Prove that $G$ is abelian

Let $G$ be a group with the property that for any set of three distinct elements in $G$, say $x$, $y$, $z$, at least two of them will commute. Prove that $G$ is abelian.

I have no idea how to start this problem. How do I use the fact that two elements for any set of three elements of $G$ commute.


Solution 1:

Given $a,b\in G$, consider the three elements $a,b$, and $a^{-1}b^{-1}$. If $a$ and $b$ don’t commute, then $a^{-1}b^{-1}$ commutes with at least one of $a$ and $b$. Say it commutes with $b$: then $$aba^{-1}b^{-1}=aa^{-1}b^{-1}b=1_G\;,$$ and $a$ and $b$ commute. If instead $a^{-1}b^{-1}$ commutes with $a$, $$a^{-1}b^{-1}ab=aa^{-1}b^{-1}b=1_G\;,$$ and again $a$ commutes with $b$.

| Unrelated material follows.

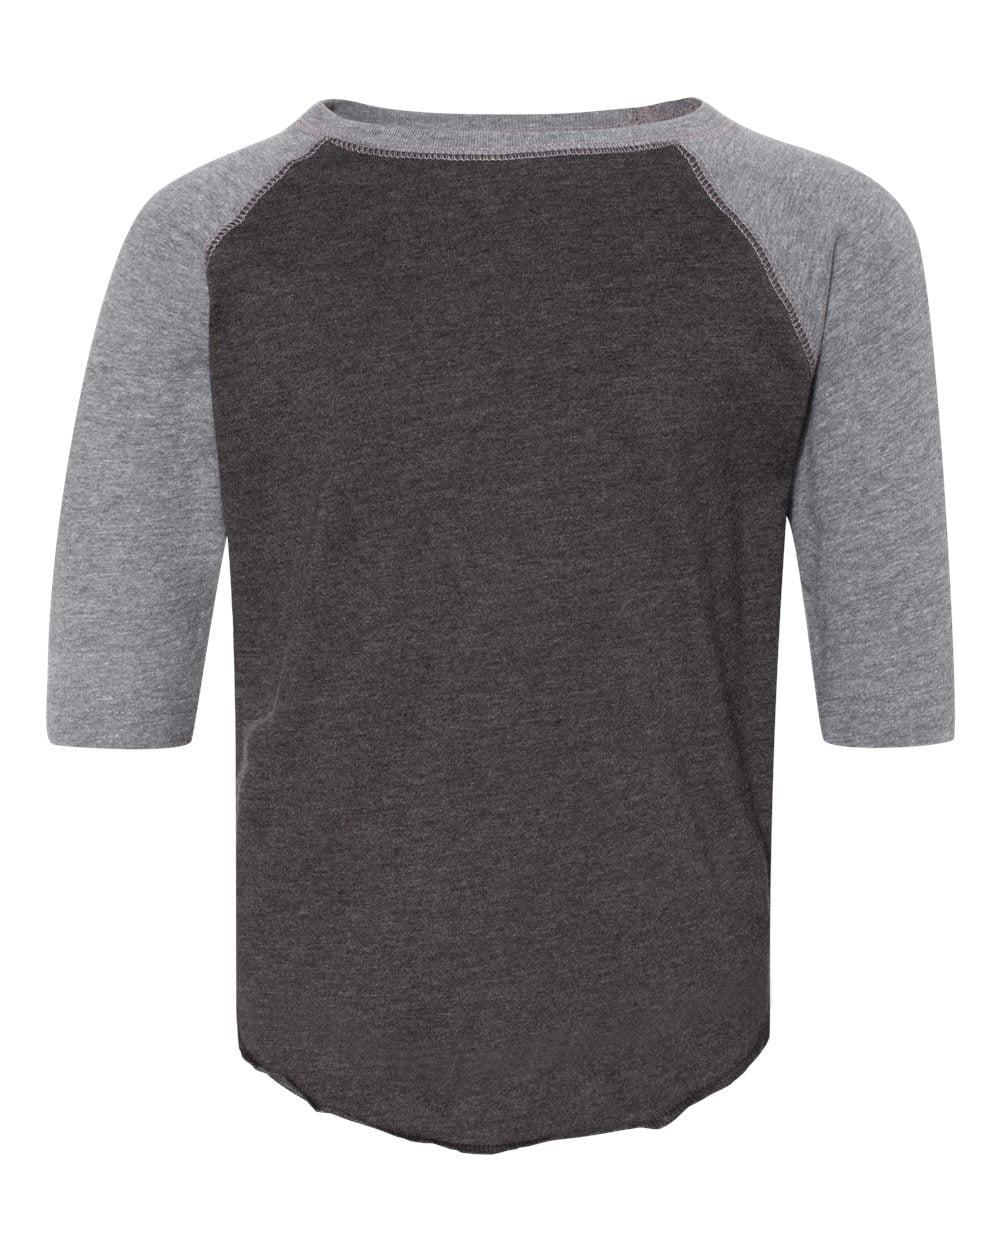 Rabbit Skins Fine Jersey Toddler Three-Quarter Sleeve Baseball T-Shirt 3330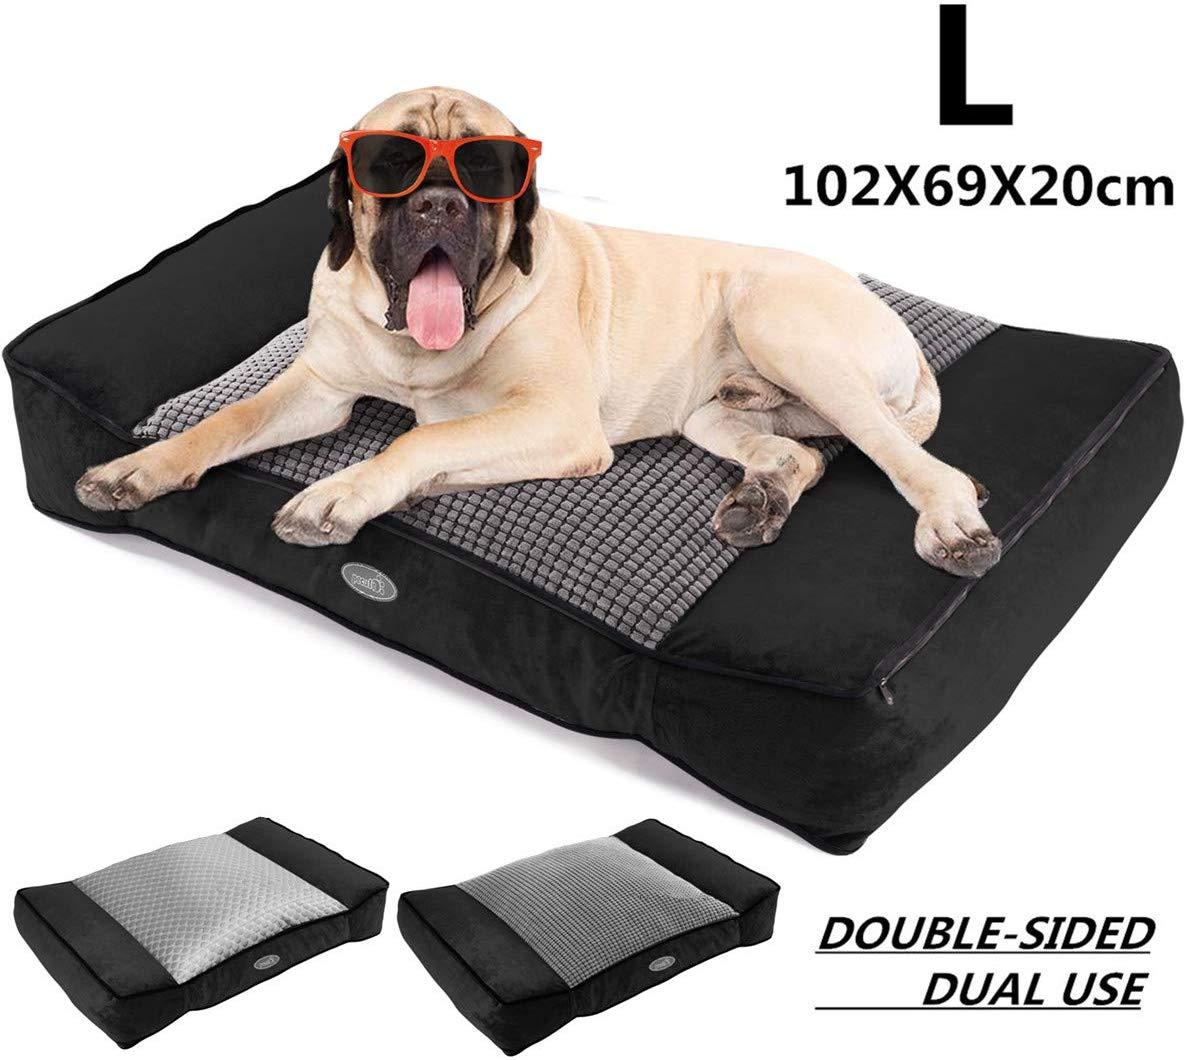 Nice quality dog bed

Added: As Steve D points out, $a^{-1}b^{-1}$ may be equal to one of $a$ and $b$, in which case I don’t actually have three elements of $G$. If $a^{-1}b^{-1}=a$, then $b=a^{-2}$, which certainly commutes with $a$, and the argument is similar if $a^{-1}b^{-1}=b$.

Solution 2:

Suppose there are $a,b$ that don't commute, and denote the centralizer of $x$ as $C(x)$.

The hypothesis says that $G=C(a)\cup C(b)$. But a group can't be the union of two proper subgroups, so one of these, say $C(a)$, equals $G$.

But then $a$ is central and commutes with $b$, a contradiction. Thus $G$ is abelian.